By Alex Wesaw, PhD; Director of the American Indian Relations Division of the Ohio History Connection
Bozho, Alex Wesaw nde zhnëkas. Pokégnek Bodwéwadmi ndaw. Hello, I am Alex Wesaw. I am enrolled with the Pokagon Band of Potawatomi Indians. This is how we introduce ourselves in the Potawatomi language. The Pokagon Band of Potawatomi Indians are a federally recognized tribal government, located in southwestern Michigan and northern Indiana.
While I am a citizen of the Pokagon Band, I have lived my entire life here in Ohio. I grew up in Bremen in Fairfield County. In my position at Ohio History Connection, I manage the relationships our organization has with 45 federally recognized tribal governments that historically have connection to the lands we now know as Ohio. Those Tribes are now located in Indiana, Kansas, Michigan, Minnesota, Missouri, Montana, New York, Oklahoma, Texas, and Wisconsin. Unfortunately, there are no FRTs located in Ohio.
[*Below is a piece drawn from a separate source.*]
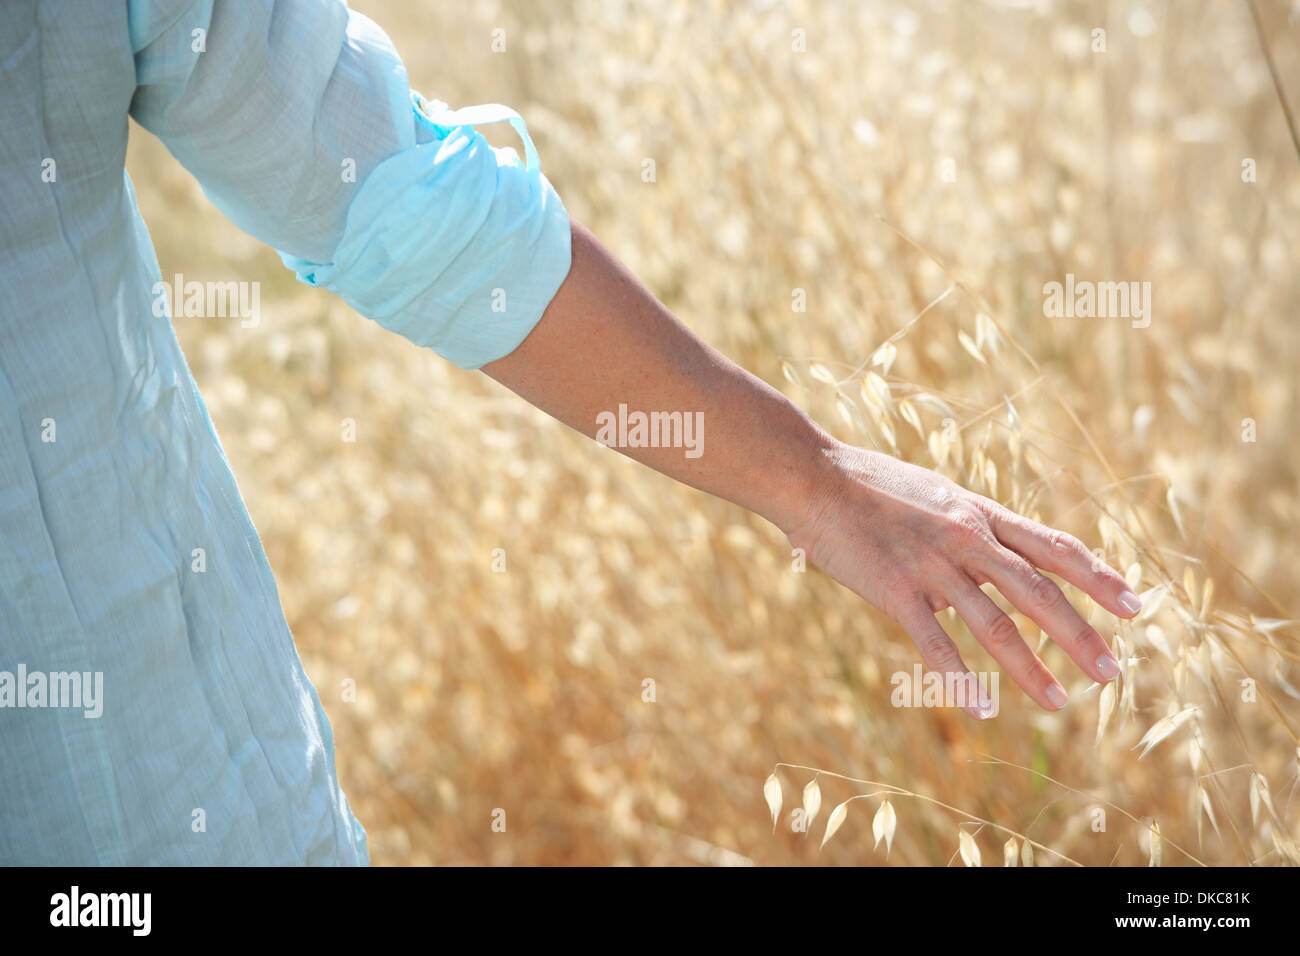 Cropped image of woman's hand in corn field Stock Photo
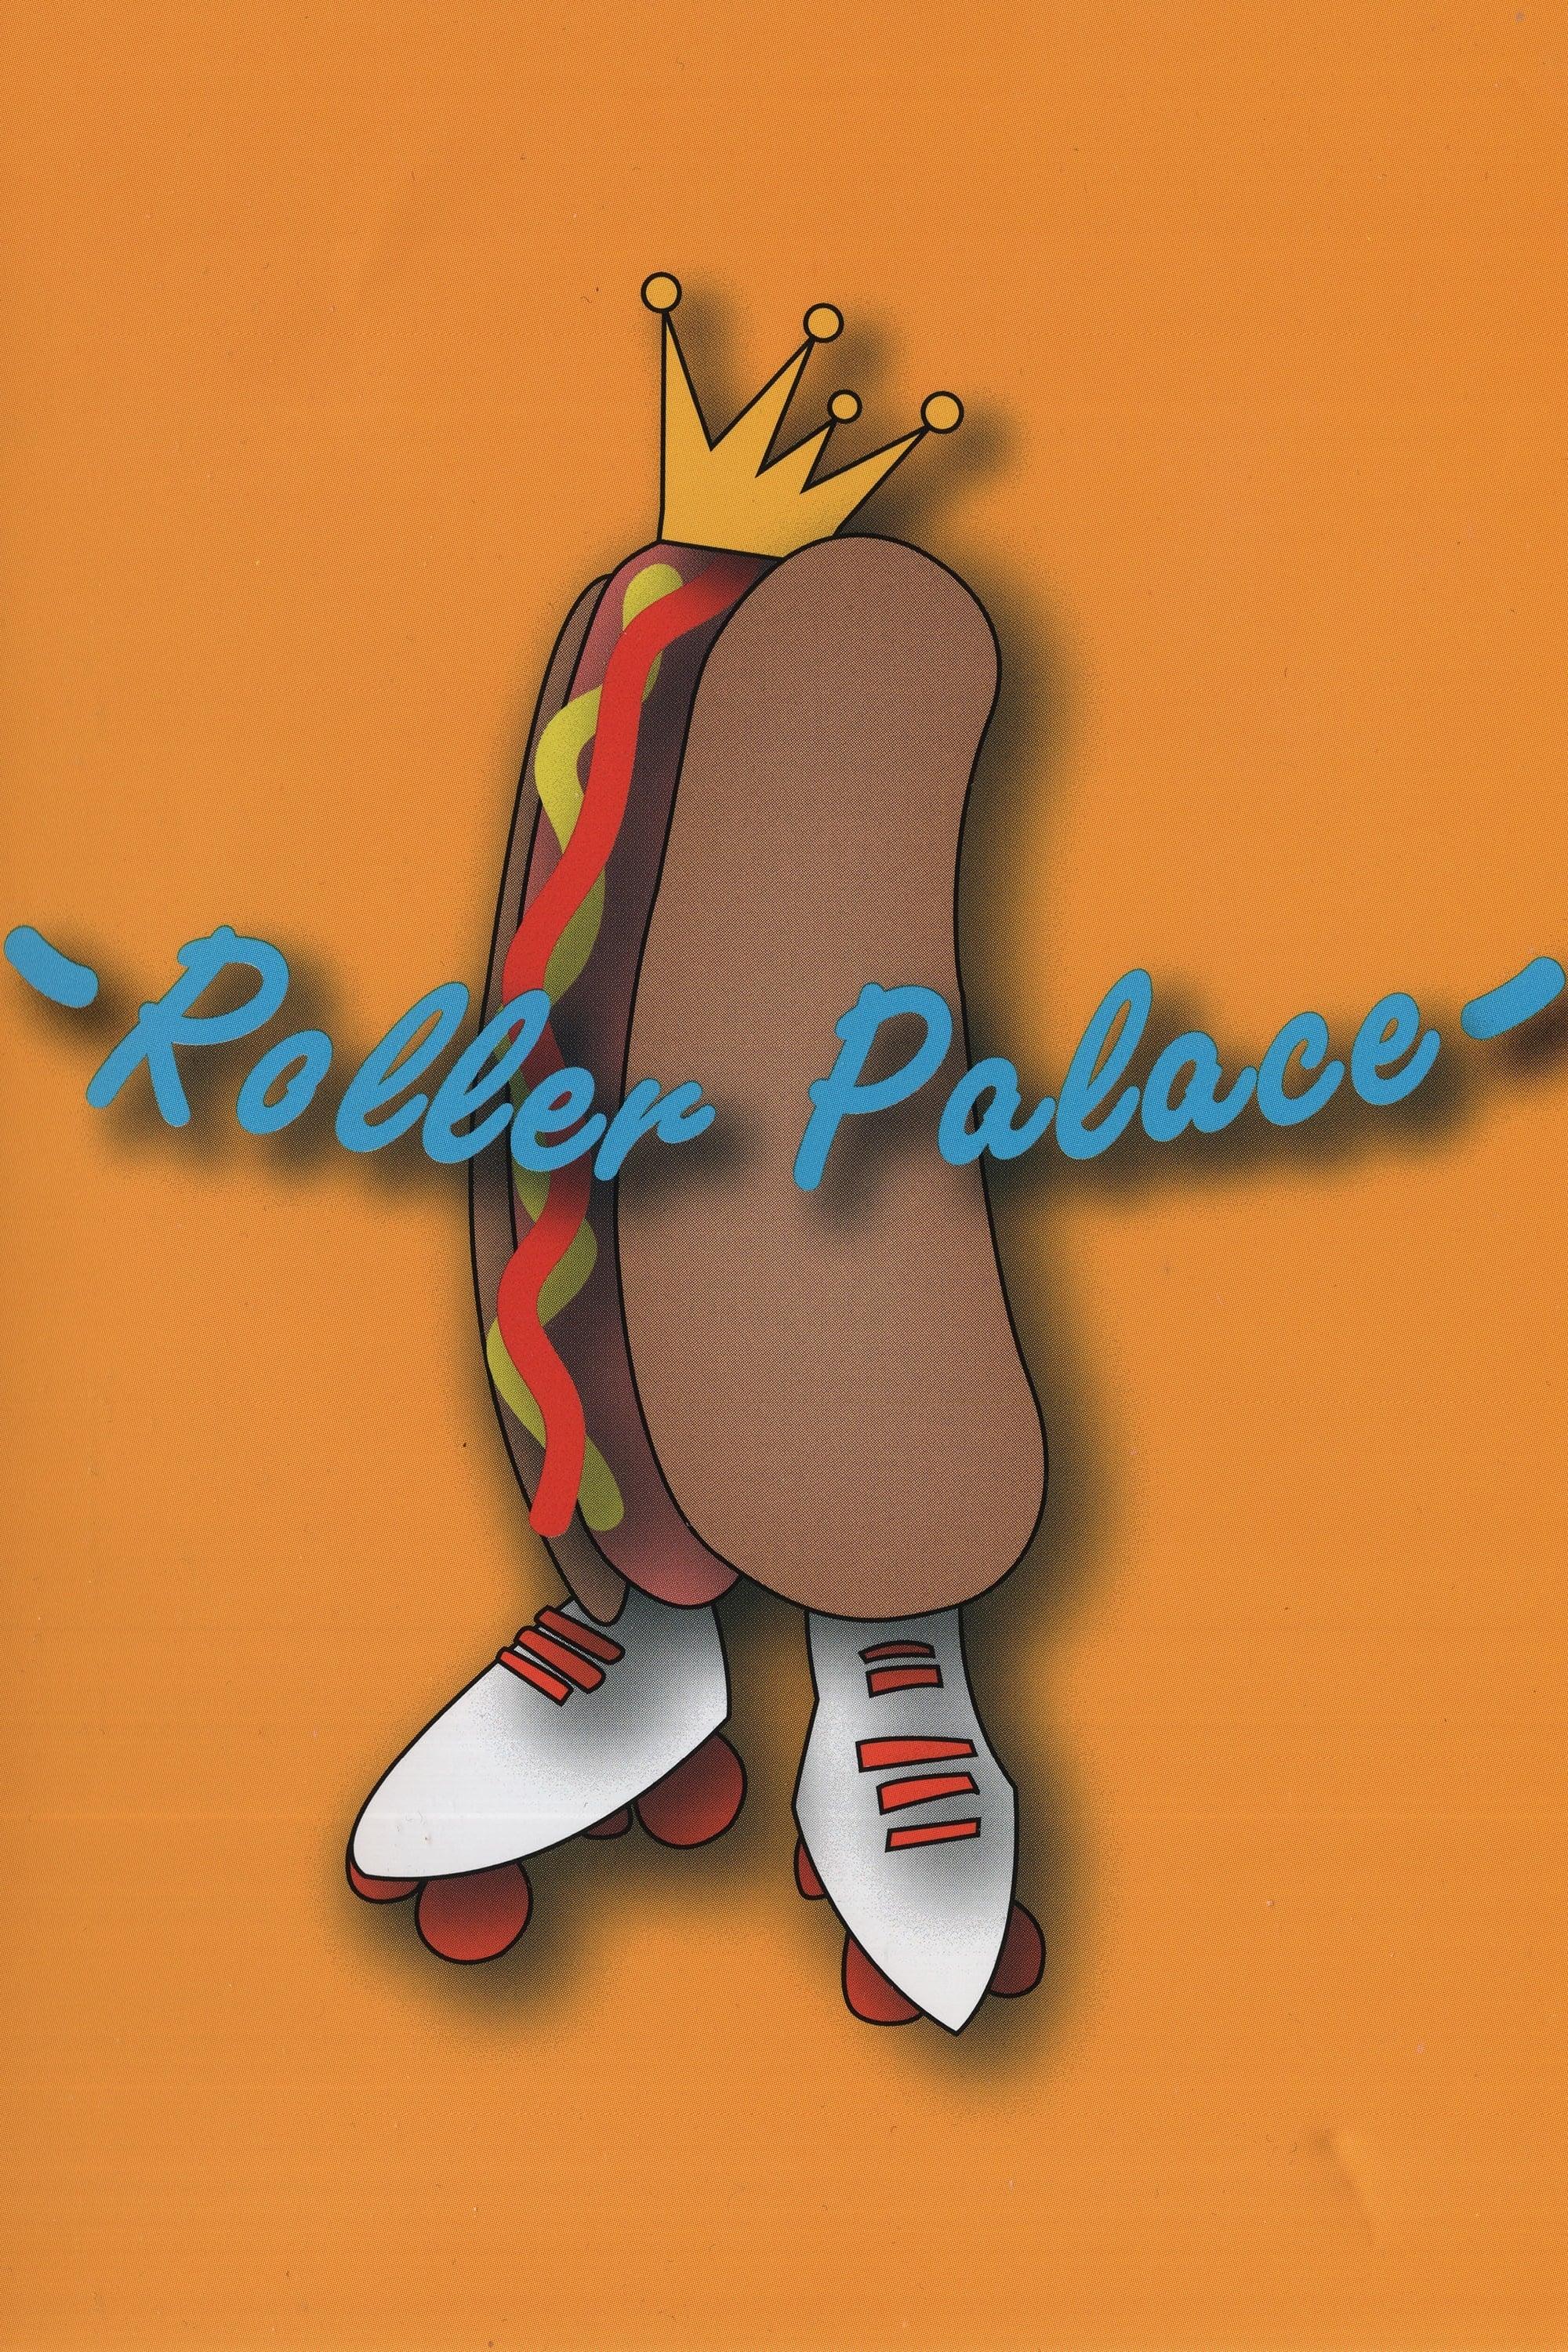 Roller Palace poster

This is a direct result of the removal policies set by our federal government—specifically the Treaty of Greenville of 1795 (Darke County), which ended the Northwest Indian War and removed Tribes from most of what would soon become the state Ohio, except for the northwestern corner. Today there are 574 FRTs in the United States. While there are no FRTs in the state today, there is an abundance of tribal history here and countless tribal influences on our state and communities. Many Ohioans may not even realize it—including even our state name.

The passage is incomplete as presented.